Imagine you are writing a script that will take one minute to run in the end. A 10x decrease in performance (now it takes 10 minutes) is very tolerable, if you get some perks for it. It is now easier to debug, easier to build on and more other people can use it and give you credit for it. If you are writing a simulation project that takes 10 days, a 10x decrease (now it takes 100 days) does not look so attractive anymore. In the real world performance of both scripts and programs is slightly more complicated but the point stands. If you are not sure whether you are in the 1 minute or 10 days category, you should try to figure it our before deciding. Just ask your colleagues and advisers.

With that, I want to move on to some fantastic programming languages. We will look at their strengths and their weaknesses. Always keep in mind the conformists way. Only choose your own language when there are clear advantages. I will briefly discuss which languages are worthwhile to use even if your lab is not on board and which ones are to be avoided even if your lab is working with them. As a disclaimer: I have hands on experience with Python, R and Matlab. For the other languages I either have second hand experience (people in my surrounding work with them) or I did some research about them.

## Python and R

Python and R share a chapter because they are both excellent and should be your first choice if there are no other languages established in the lab. If the lab uses either or both, even better! Both are completely free and open source. Python is my personal favorite but I am slightly biased after years of working with it almost daily.

Both Python and R are also heavily used outside of academia. R is consistently ranked as the top required language for data scientists. Python ranks second. A downside of R is that it is specifically designed for statistics and data analysis. This can be an advantage, because as scientists this is the biggest part of our job when we program. However, Python is a complete all-rounder. It can do data analysis but it can also do web development, game development and everything else you can think of. Web development is also possible with R, but it centrally revolves around data analysis and visualization. I guess I’m trying to say, Python would be better for your private coin collecting website (minor upside).

Some communities slightly favor Python, others favor R. Astronomy for example really likes Python. Single cell sequencing on the other hand prefers R. Check with your field and colleagues. Finally, both languages are well documented and have massive communities behind them. This makes it much more likely that someone already solved an issue you are trying to google. In summary, any second you spend learning Python or R is well worth it.

## MATLAB

MATLAB is developed by MathWorks and it is specifically designed for science and engineering. Unlike Python and R, it is neither free nor open source. If your lab pays for a license, the heavy price tag might not bother you. The language itself is more similar to Python than R (many of Python’s numerical computation capabilities were developed with MATLAB users in mind). A nice upside is that the language comes with a very strong graphical user interface and debugging capabilities. This can be very helpful. Unfortunately, MATLAB is much less popular outside of academia than Python and R. Especially smaller companies and early start-ups are unwilling to pay for MATLAB when there are free equivalents. Overall, even academics seem to be slowly transitioning away from MATLAB. However, I would not advise strictly against MATLAB if it is very popular in your field of research or the lab you want to join. Especially since Python and MATLAB are similar enough that transitioning is easy, once you learned MATLAB. I would only advise against it if you have concrete plans to leave academia for data science.

## Julia

Julia is being traded as the future Python. For now it has a smaller community but it was specifically designed to keep the advantages of Python while improving performance. I currently don’t recommend Julia, unless you have some computationally intensive projects or you anticipate such projects in your professional future. The more people use a language, the higher the chance that even specialized tasks are already implemented by someone else. Julia is not yet widely adopted. If your lab uses Julia, I recommend rolling with it.

## Igor Pro

Igor Pro by WaveMetrics is a commercial software and programming language. Like MATLAB, it comes with a rather rich graphical user interface. It is the first programming language I actively discourage. Even if you feel like spending money, you are probably better off with MATLAB. Igor Pro is even less popular outside of academia than MATLAB.

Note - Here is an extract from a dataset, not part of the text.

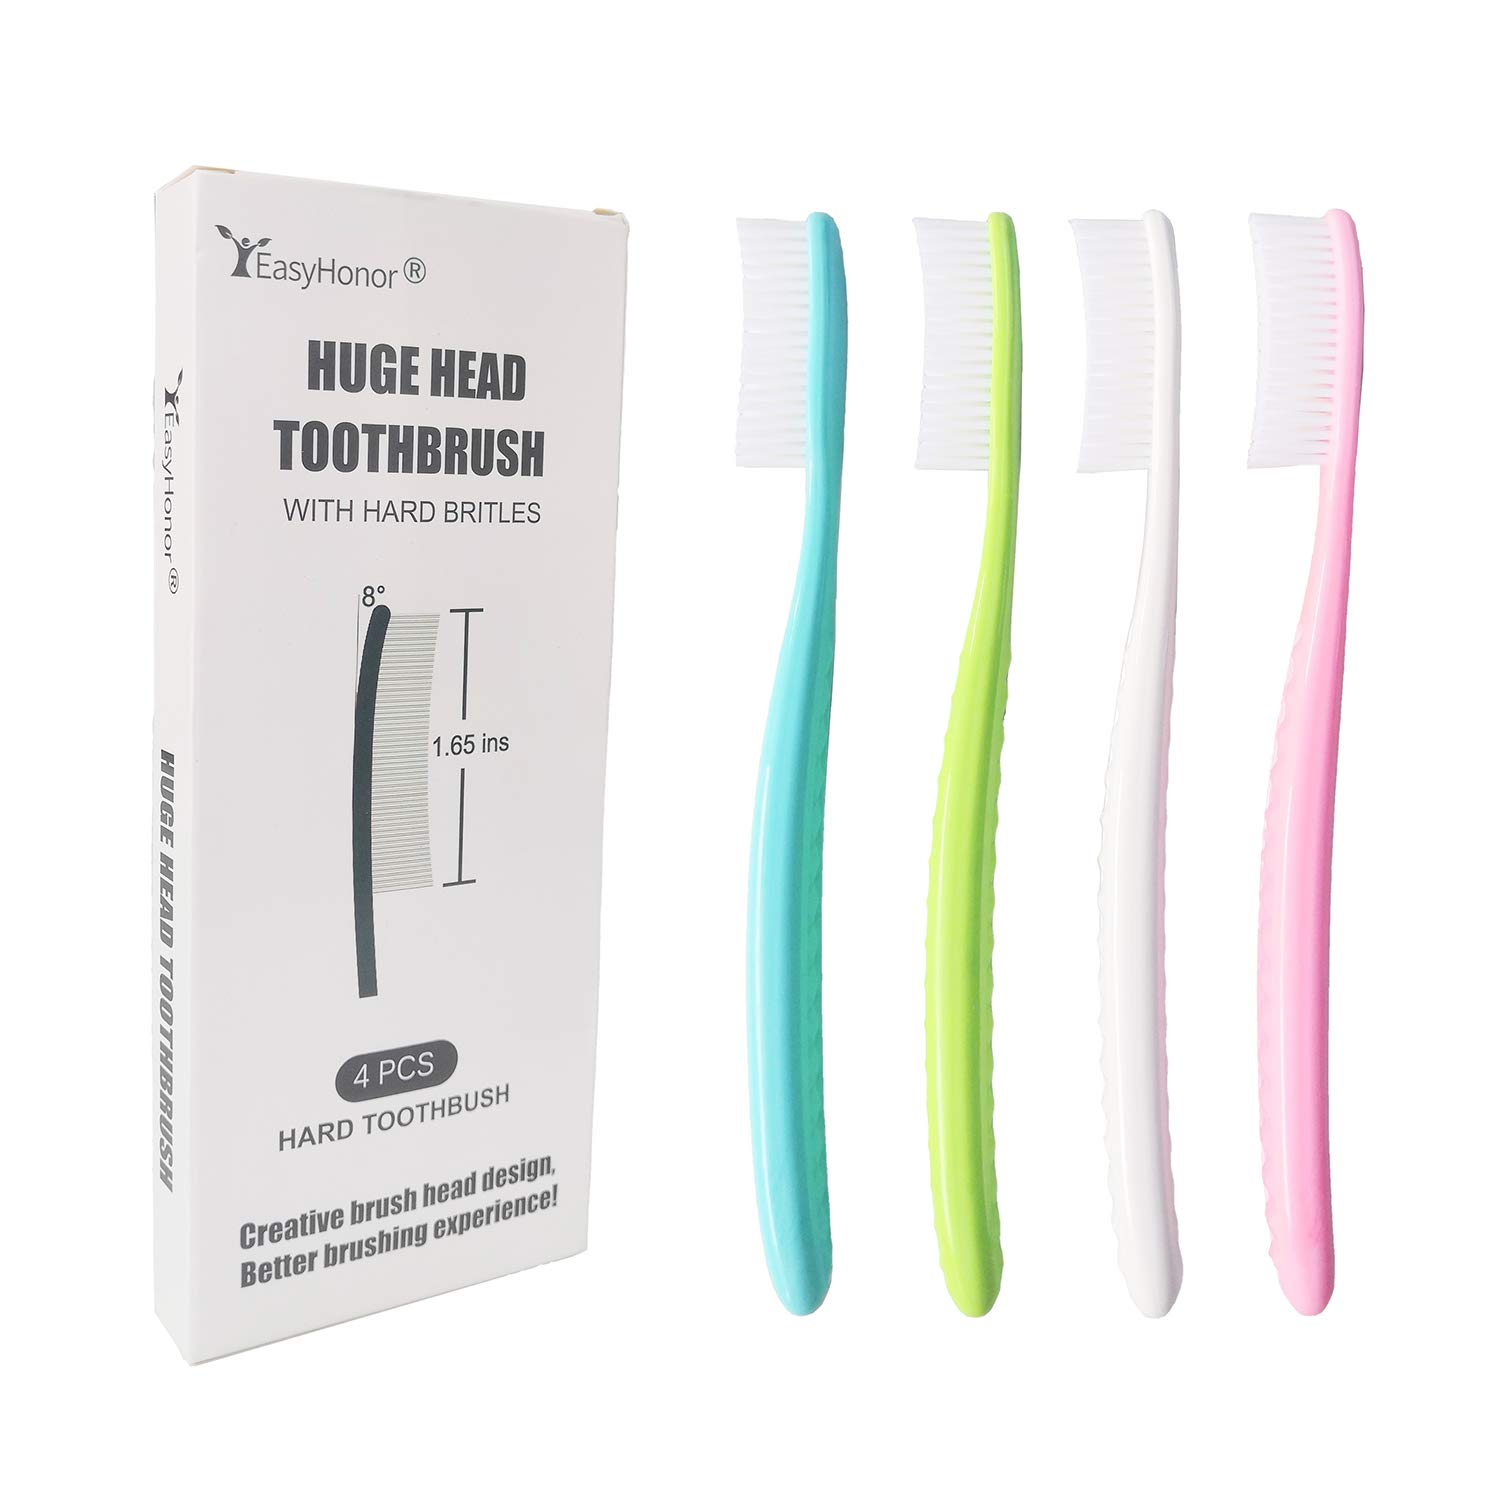 Easyhonor Huge Head Toothbrush, Big Toothbrush, Giant Head Toothbrush, Hard & Firm Toothbrush Bristles Bpa Free For Proper Denta

When I started my master thesis, the established language for my main task (intracellular electrophysiology) was Igor Pro. I decided against using it, because I had never heard about it before, the graphical user interface did not look very appealing and I had some Python experience from small hobby projects. So I decided to do the analysis myself with Python. The consequence of that was that I was extremely slow in the beginning. Had I just done it with Igor Pro, I could have taken the scripts that were already used in the lab and could have used them with minimal learning effort. Instead I had to reinvent the wheel and learn Python at the same time. This made me extremely inefficient in the short term.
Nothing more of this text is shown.